【結果4】祖父母の関与で困ったと感じたこと――価値観の違いが表れやすい項目が上位に

一方で、祖父母の関与について「困った」「嫌だった」と感じたことを聞いたところ(複数回答)、育児方針や生活習慣に関する価値観の違いが表れやすい項目が上位を占めました。
困ったこと上位10項目
・古い育児常識の押し付け:28.7%(86人)
・食事・離乳食・お菓子に口出しが多い:26.7%(80人)
・しつけ・叱り方に口出しが多い:24.3%(73人)
・衛生面(手洗い等)が不安:20.7%(62人)
・気を遣う:19.3%(58人)
・価値観が合わない:18.7%(56人)
・夫婦間で揉めた:16.7%(50人)
・勝手に物を買ってきた:12.3%(37人)
・勝手に食べさせた:12.3%(37人)
・勝手に連れ出した:11.7%(35人)
なお、「特に困っていない」と回答した人も26.0%(78人)と一定数存在しており、祖父母との関係が良好な家庭も少なくないことがわかります。
上位項目に共通しているのは、育児に関する考え方や常識が、時代とともに変化してきた点です。現在では、公的機関や専門家による情報更新が進み、睡眠環境や食事、衛生管理などについても以前とは異なる考え方が広まっています。
そのため、祖父母の善意による助言や行動であっても、現代の育児方針とすれ違いが生じることがあり、これがストレスや摩擦につながる要因の一つになっていると考えられます。
また、「勝手に物を買ってきた」「勝手に食べさせた」「勝手に連れ出した」といった項目からは、事前の相談や家庭内ルールの共有が不足した場合に、負担感が生じやすいこともうかがえます。

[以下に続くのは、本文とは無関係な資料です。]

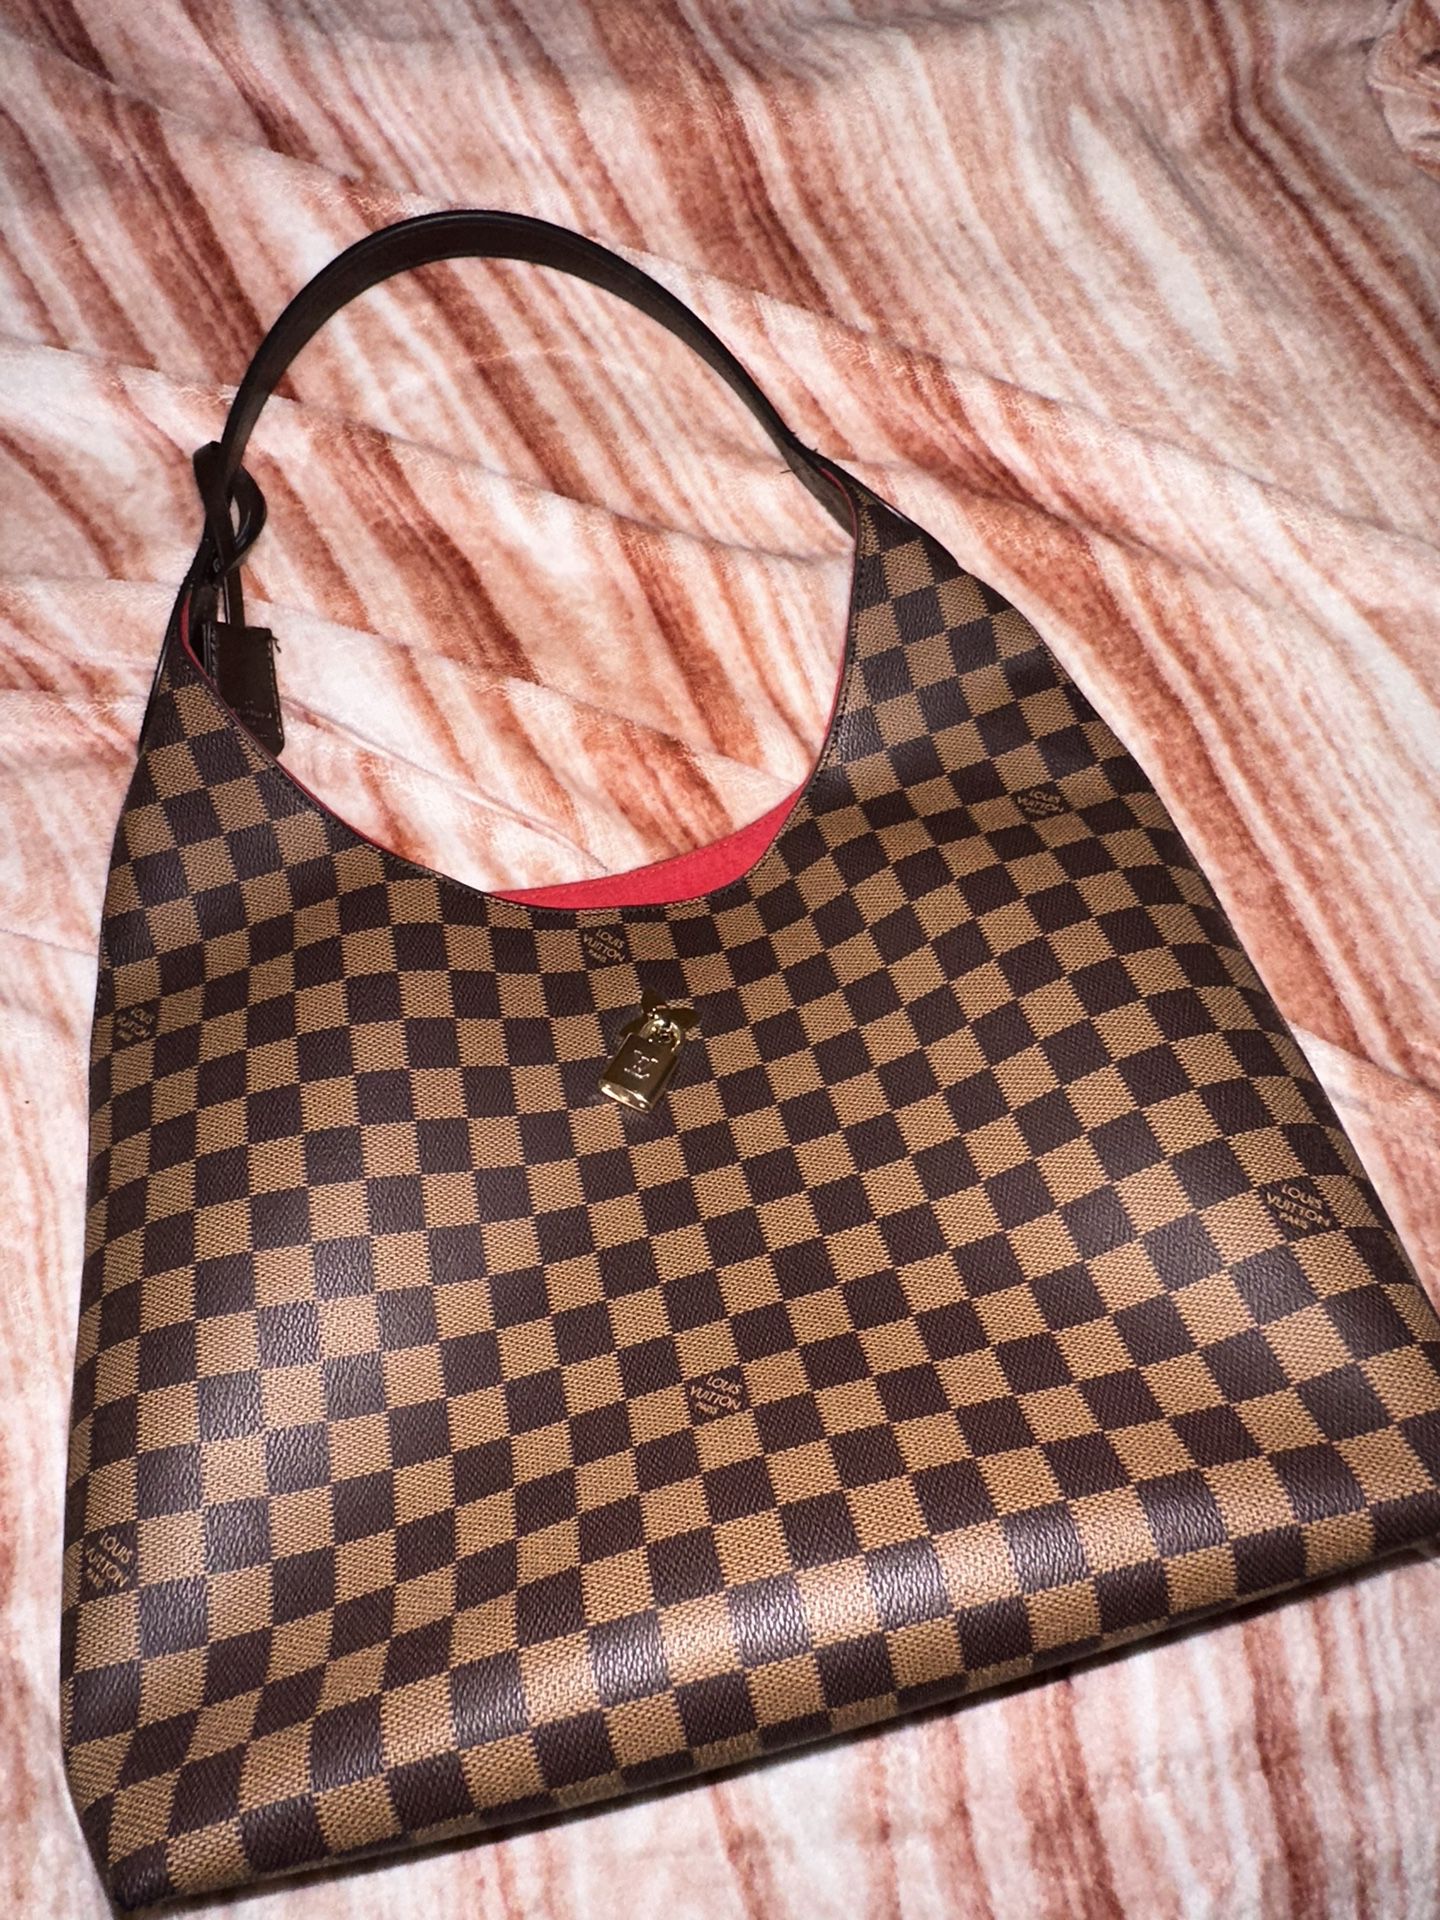 lv pattern purse

【結果5】祖父母との関わりによるストレス度――平均3.3点、低ストレス層が約6割

祖父母との関わりによるストレス度を10点満点で聞いたところ(祖父母と関わりがない/いない8人を除く292人が回答)、平均3.3点、中央値3点、最頻値3点 という結果になりました。
ストレス度の分布
・0〜3点(低ストレス):56.8%(166人)
・4〜6点(中程度):27.1%(79人)
・7〜10点(高ストレス):16.1%(47人)
詳細な点数分布
0点:14.0%(41人)/1点:10.6%(31人)/2点:11.0%(32人)/3点:26.0%(76人)
4点:12.0%(35人)/5点:9.6%(28人)/6点:5.5%(16人)
7点:3.4%(10人)/8点:5.5%(16人)/9点:1.0%(3人)/10点:1.4%(4人)
平均3.3点という結果から、多くの人にとって祖父母との関係は深刻なストレス源ではない一方で、完全にストレスを感じないわけでもない、やや気になる関係性であることがわかります。
低ストレスに分類される0〜3点が56.8%と過半数を占めており、祖父母との関係を概ね良好と感じている人が多い結果となりました。一方で、7点以上の高ストレス層も16.1%存在しており、一定数は強い負担を感じている実態も見逃せません。
また、最頻値は3点(26.0%)で、「大きな問題ではないものの、多少のストレスは感じている」という層が最も多いことが特徴です。
この分布から、祖父母との関係は約6割が良好、約3割が軽度〜中程度の摩擦、約1割強が強い負担を感じているという構造が浮かび上がります。